Game Of The Year (Runner Up): Evil Egg (Ivy Sly)

Yes, I admit: I haven’t written this one up. But only because I haven’t beaten the “proper” boss. I have beaten the alternative boss, and in most cases I’d just count that, but here’s the thing: I love Evil Egg so much that I don’t want to put it down and call it “finished.” I just want to keep playing it. Evil Egg is Robotron 2084 as a light Roguelike-like with a near-Jeff Minter level of visual noise and it absolutely rips. I really struggled with if this was my game of the year, but I’m becoming more conflicted over my feelings of games that feed my addictions, that take me to the “machine zone.” However, this game is fucking free.
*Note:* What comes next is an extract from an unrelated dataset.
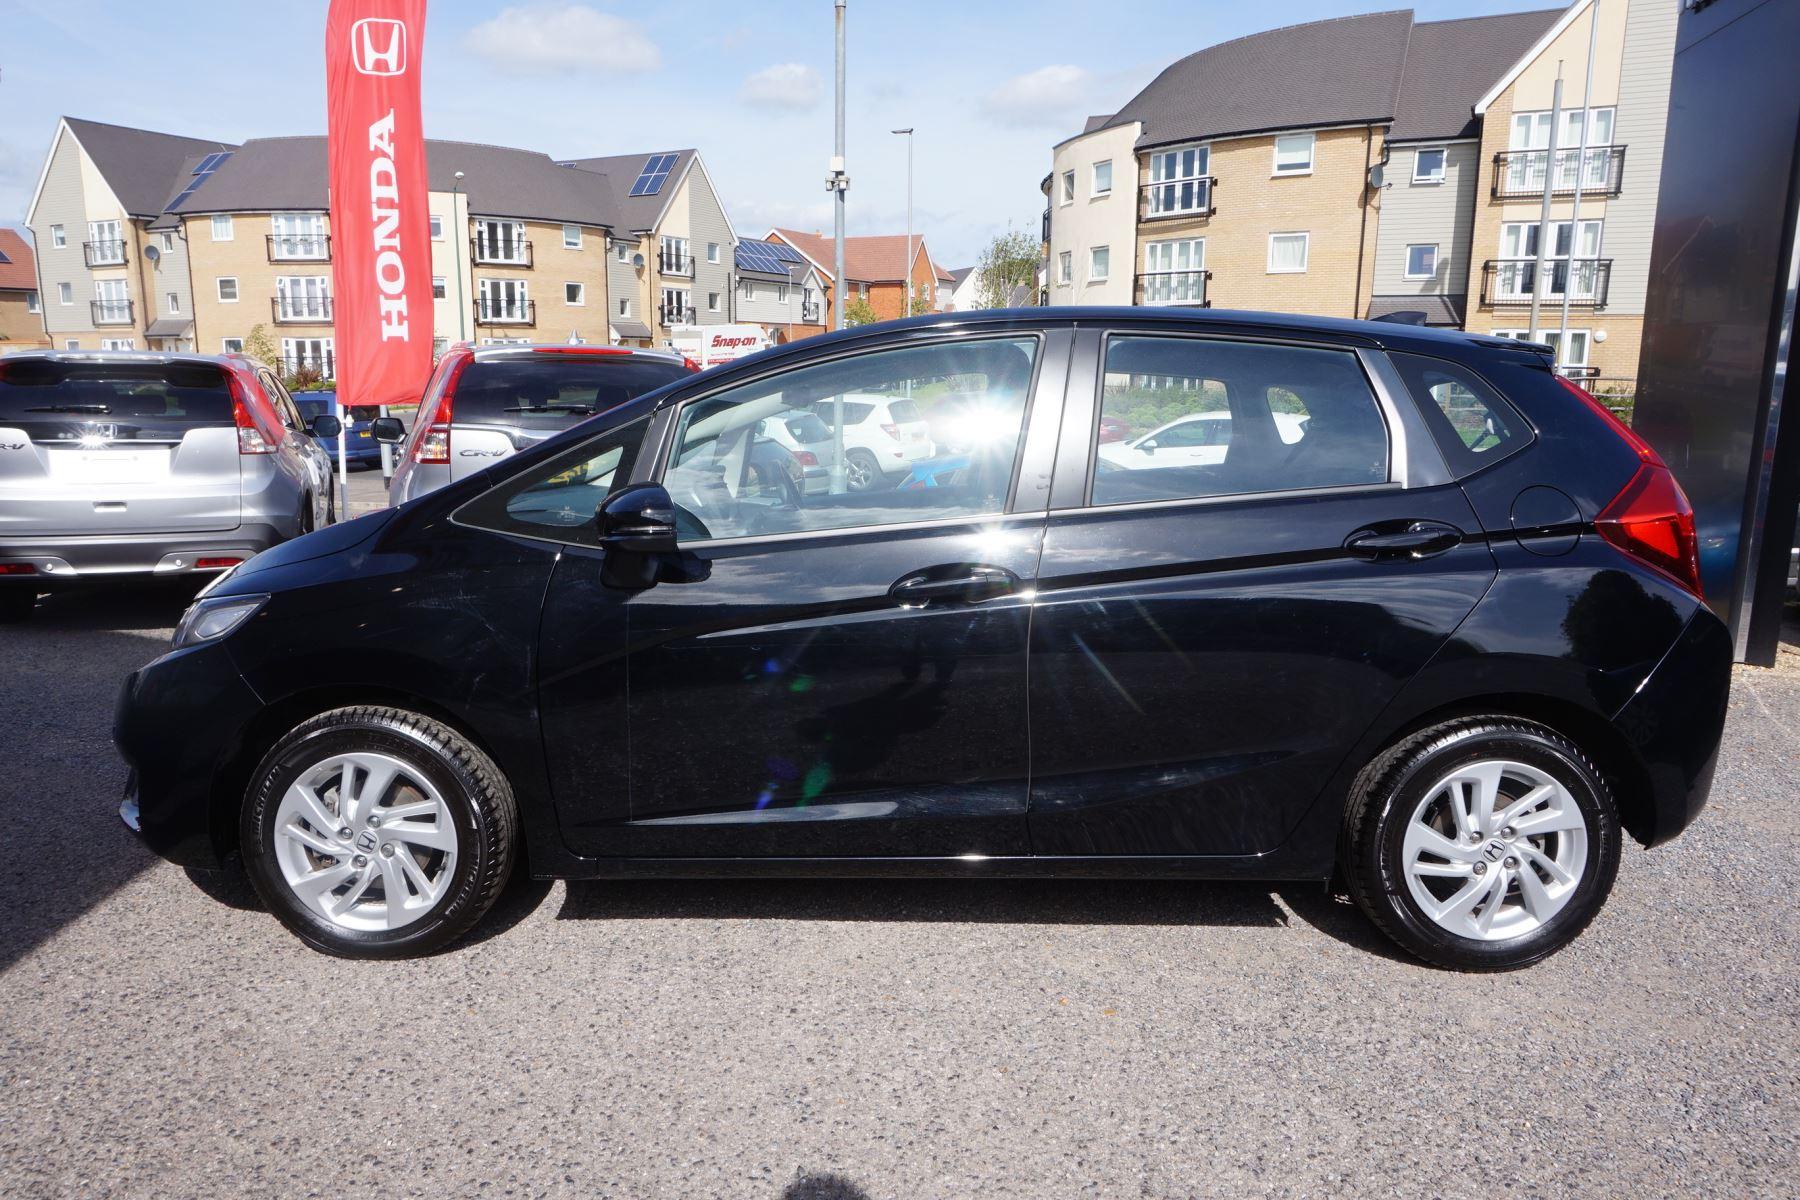 Honda Jazz 1.3 SE 5dr image 3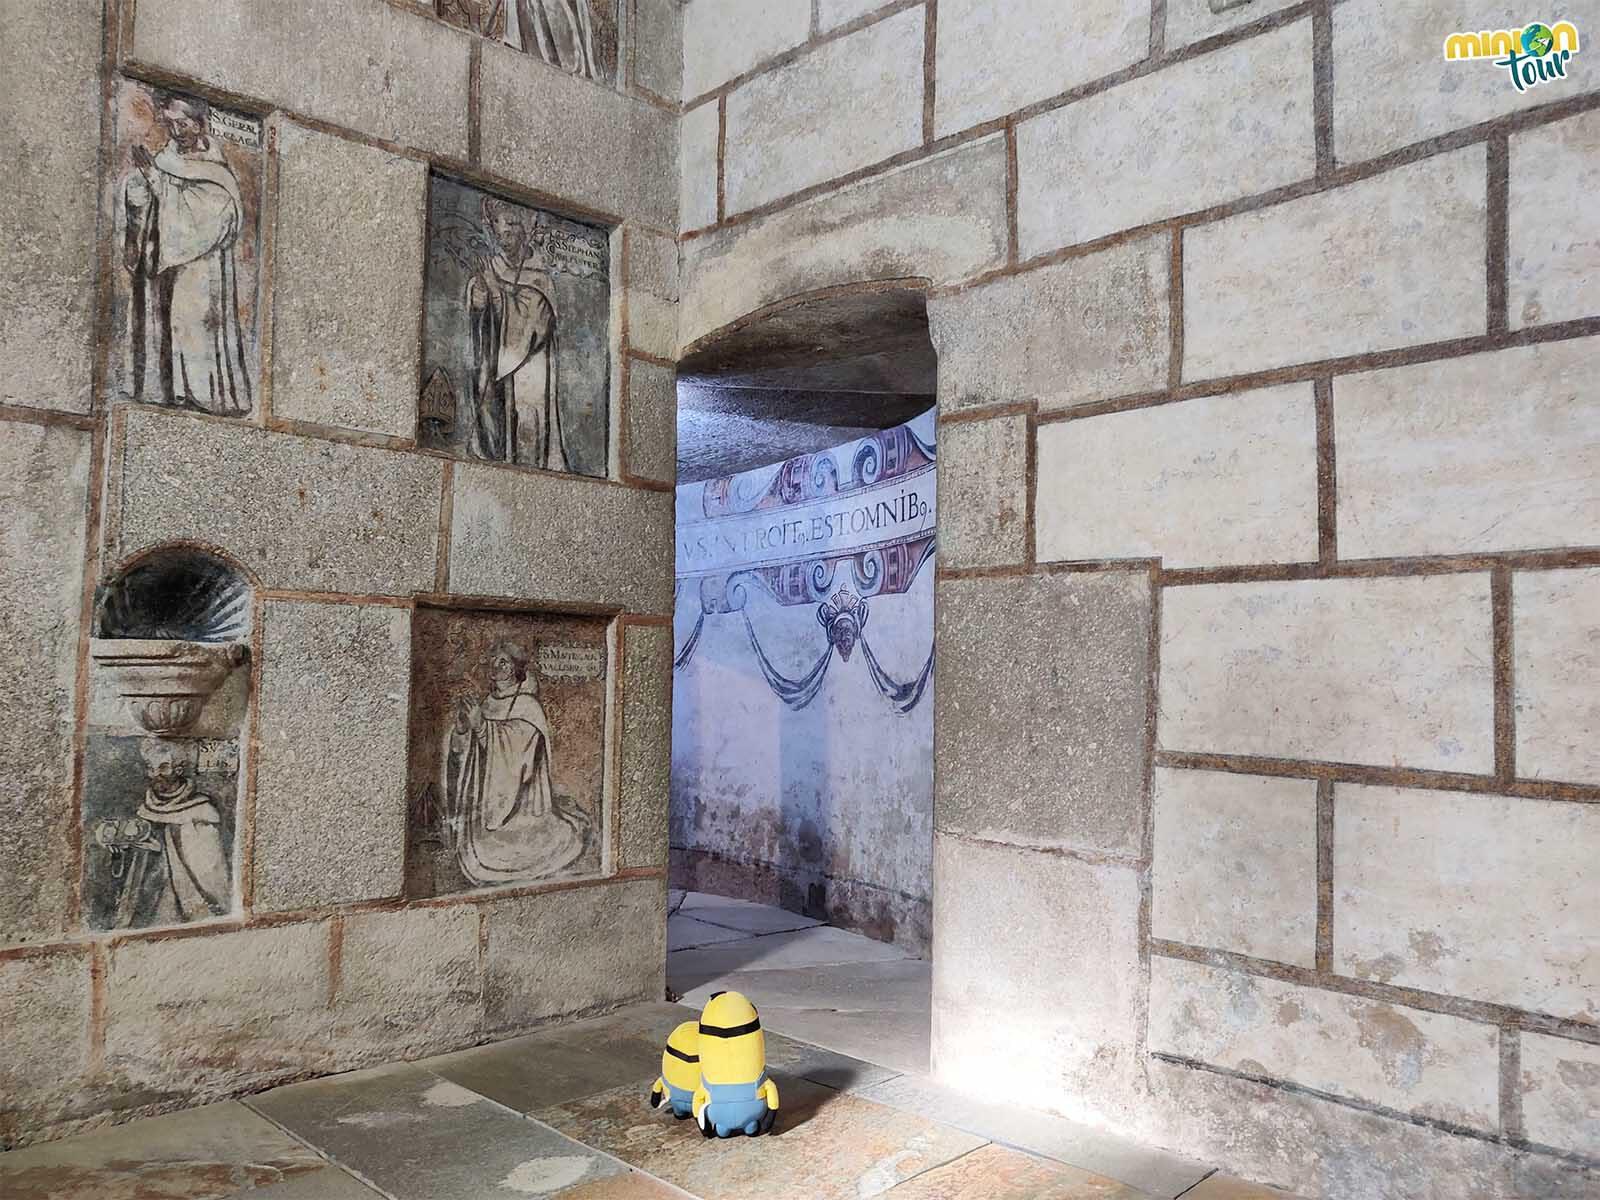 Minions saludando a los fundadores de la Orden del Císter

The only thing it costs you is your time, I’m still just trying to work out how comfortable I am with that. A few more goes, though, that should help me understand.
Game Of The Year: Many Nights A Whisper (Deconstructeam/Selkie Harbour)

“It’s a rare video game that I say this could only exist as a video game’ but Many Nights A Whisper is one.”
I played this in August, and I knew it was simply not going to be matched. A game that respects your time (done in the length of a film) that is thoughtful, paced well, features an enjoyable central interaction, and builds towards an unforgettable moment that you could only do in a video game. You can read what I had to say about it, but just buy it.
Bonus: As I’ve actually never done a post like this before, here’s my previous “Games Of The Year” for the last two years, years in which I’ve been making a concerted effort to play more contemporary games than I have previously.
Game Of The Year 2024: Thank Goodness You’re Here (Coal Supper)
“If someone was to ask me ‘What’s the UK like?’ from now on, I’ll probably just say ‘Play Thank Goodness You’re Here!”
Game Of The Year 2023: Hi Fi Rush (Tango Gameworks)
“What makes Hi Fi Rush genius, I think, is that it takes a type of game I am incapable of not button-mashing through and adds a rhythm action component that doesn’t expect but rather, uh… politely asks you to hit your combos on rhythm. And it works!”